The Woman, Child, Dragon, . . . Page 6 (series: Lessons on Revelations)

by John Lowe
(Woodruff, S.C.)



It is said that they “keep the commandments of God, and have the testimony of Jesus Christ;” which is the revealed truth from God and Christ contained in Scripture. Obedience to God’s word always marks a genuine believer (John 8:32). This is what God expects of His people at all times. As we approach the end of this present Age of Grace, an age characterized by lawlessness and opposition to God and His Son, we Christians, even as those saints in the tribulation, must be loyal to God’s Word and to our Lord Jesus Christ. A battle is raging today, and no man can remain neutral in the conflict. You are either on the side of the Savior or on the side of Satan and be certain that the devil is not resting in his all-out effort to damn the souls of men.
All anti-Semitism is Satan inspired and will finally culminate in Satan making a supreme effort to destroy the nation of Israel. From the brickyards of Pharaoh’s Egypt, Haman’s gallows, Herod’s cruel edict, through Hitler’s purge, and to the world of the Great Tribulation, Satan has led the attack against these people because of the man child—Jesus Christ.

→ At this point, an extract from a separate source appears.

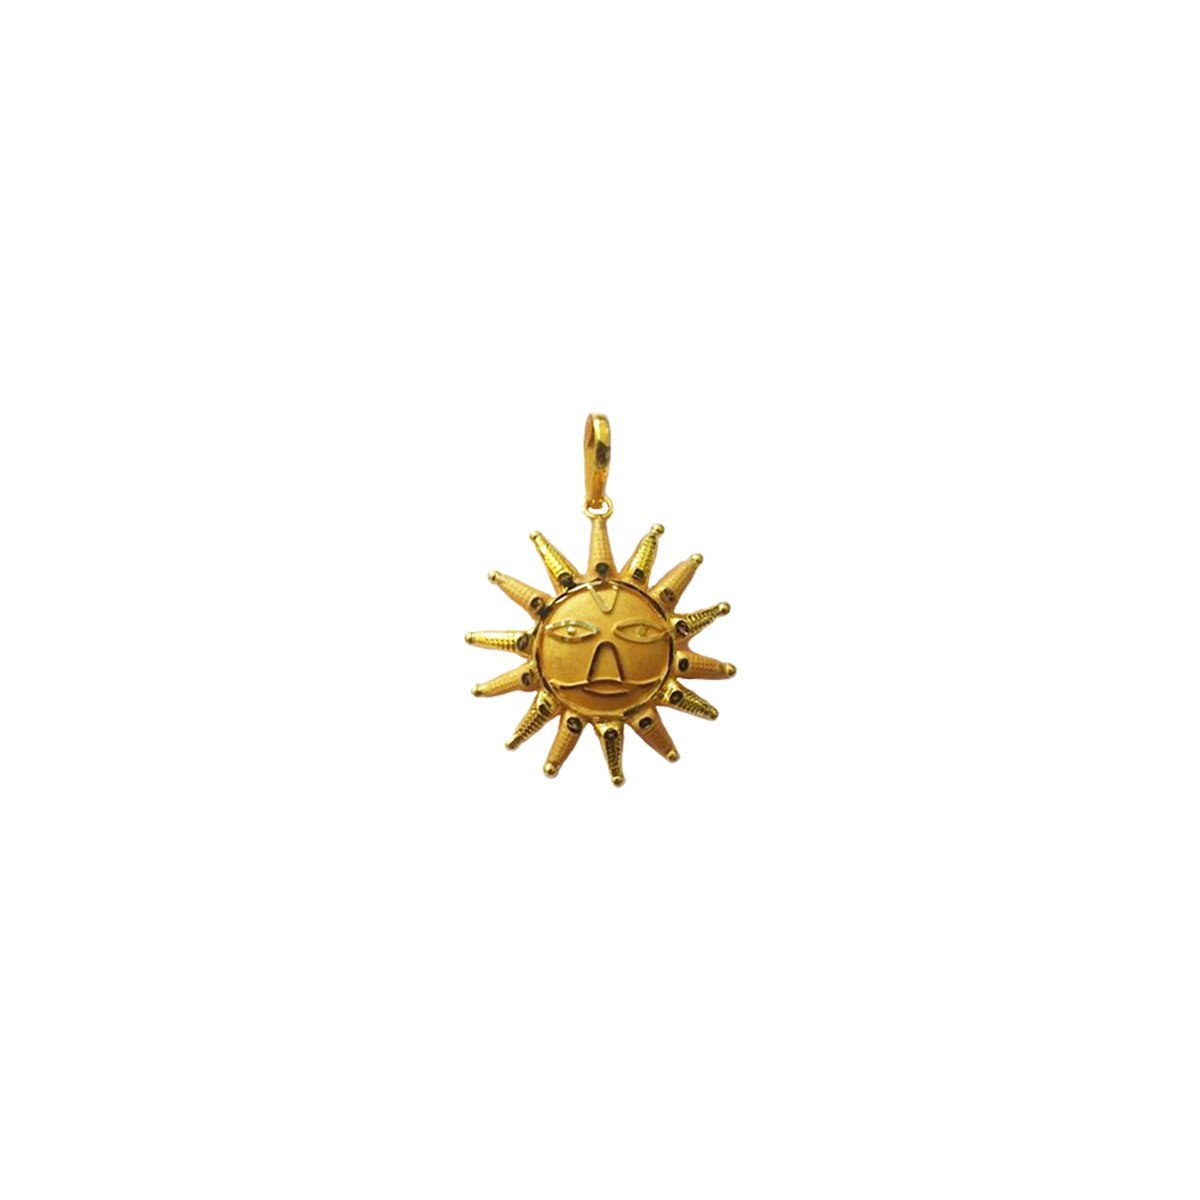 Buy Gold Sun Necklace, Gold Necklace, Sunshine Necklace, Minimalist Necklace,  Dainty Necklace, Delicate Gold Necklace, Simple Gold Necklace Online in  India - Etsy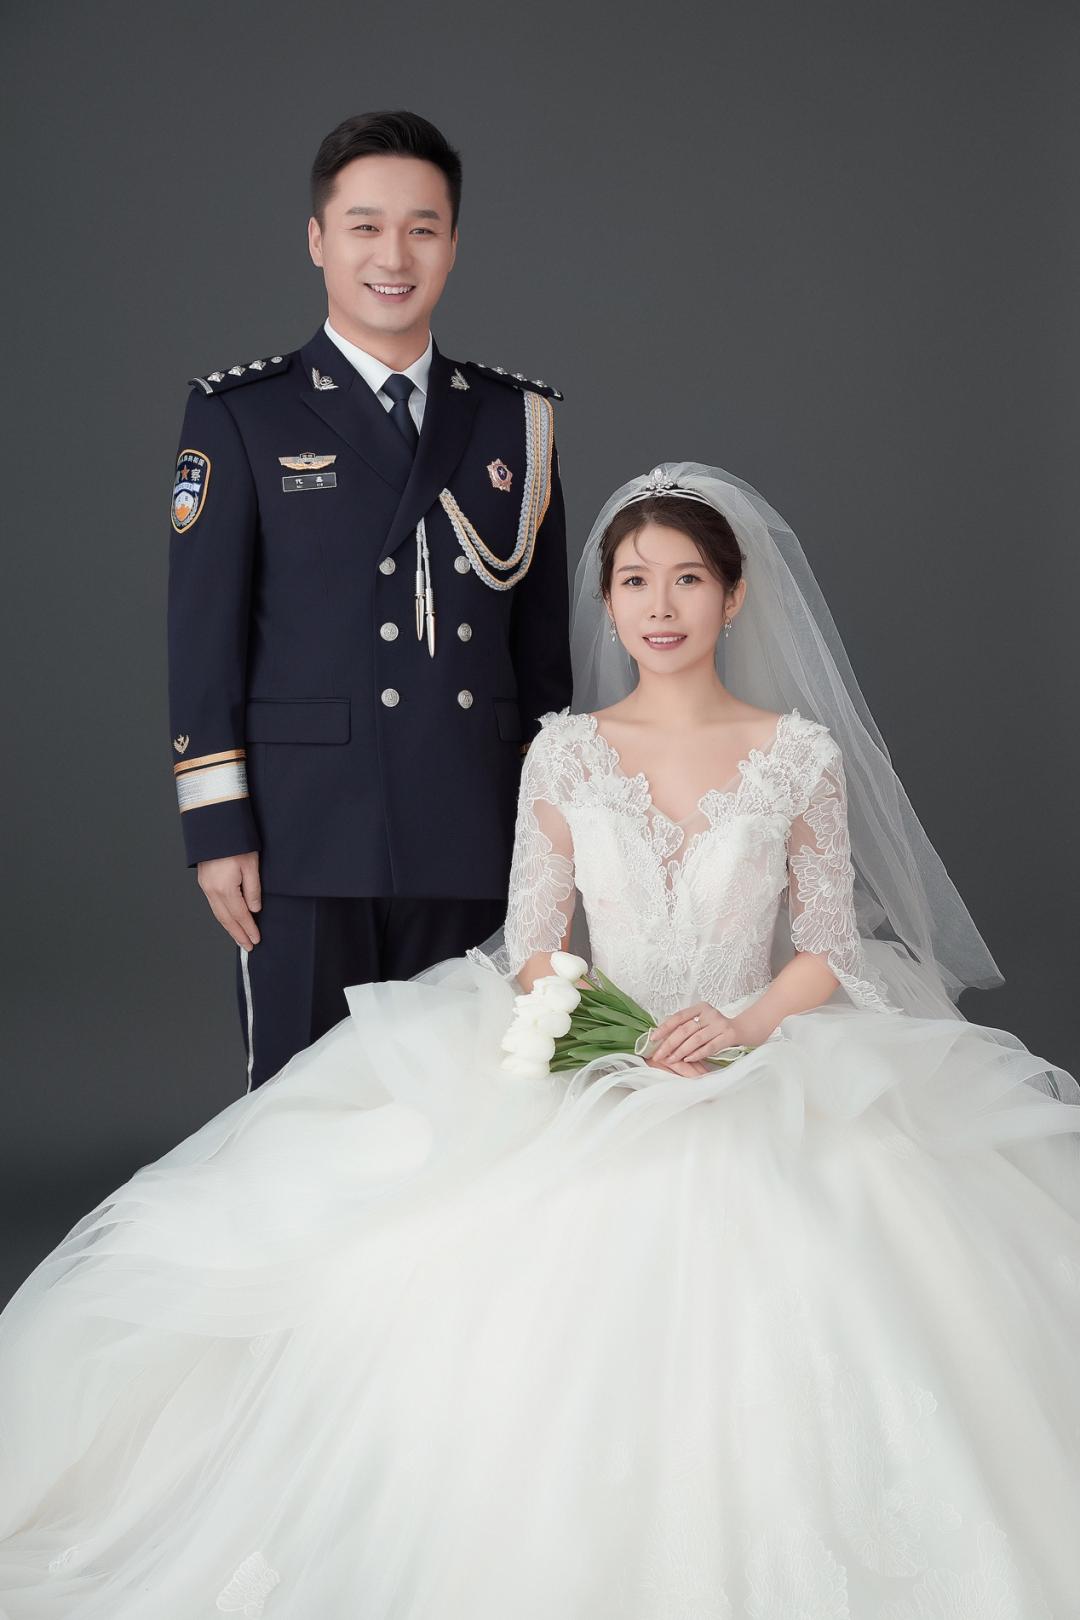 中国警察结婚警用礼服图片

Satan cannot win. Just as the blood of the 3martyrs has proved to be the seed of the church, so during the tribulation, persecution will only serve to drive many Jewish people into the arms of the Lord Jesus. Satan, in a rage, displays a notable lack of imagination and originality. He has tried persecution many times before, and it has always failed to deter our faith and conversion. That he tries it again is a mute confession of failure, the last resort of a desperate and darkened mind. The godly Jews will not repent. They will only scattered far and wide, bearing as they go the gospel of the kingdom and their triumph will be complete. What can Satan do with the likes of these? Lock them up in prison, and they will convert their jailers; torture them, and they become partakers of Christ’s sufferings and heirs to a great reward; martyr them, and they go straight to be with Christ; turn them loose, and they evangelize the world!

The chapter closes with the dragon, frustrated and angry, standing on the seashore ready to call up his reserves, the two terrible monsters of chapter 13.




End Notes:
1 The name Satan means “Adversary” or “Accuser” (12:10). He actively looks for people to attack (1 Peter 5:8, 9). He likes to seek out believers who are vulnerable in their faith, who are spiritually weak. He is the prince of this world, an angel who rebelled against God. Satan is real, not symbolic, and is constantly working against God and those who obey Him. To overcome Satan we need faithful allegiance to God’s Word, determination to stay away from sin, and the support of other believers.
2 A dragon is a flying serpent, a Biblical symbol for Satan (20:2). Satan is pictured here as a great red dragon, an eloquent symbol for cruelty, blood-lust and power. He is the cause of the woman’s sufferings.
3 The martyrs are those who have overcome Satan. Martyrdom is itself a conquest of Satan. The martyr has proved superior to every seduction and to every threat and even to the violence of Satan. Here is a dramatic truth for life—every time we choose to suffer rather than to be disloyal we defeat Satan.
4 A flood is a common Old Testament picture of overwhelming evil (Psalms 18:4; 32:6; 69:1-2; 124:2-5; Nahum 1:8).
5 Red is a symbol of bloodshed and violence (Revelation 6:4).
6 Not actual bird’s wings, but a graphic depiction of God’s providential protection of Israel (Exodus 19:4). Wings often speak of protection (Deuteronomy 32:9-12; Psalm 91:4; Isaiah 14:31). Eagles—probably vulture-like griffin’s—was the largest birds known in Palestine. The griffin, griffon, or gryphon is a legendary creature with the body, tail, and back legs of a lion; the head and wings of an eagle; and an eagle's talons as its front feet. Because the lion was traditionally considered the king of the beasts and the eagle the king of birds, the griffin was thought to be an especially powerful and majestic creature. The griffin was also thought of as king of all creatures.
7 He comes to be identified with the “serpent” because of the story of the fall in Genesis 3.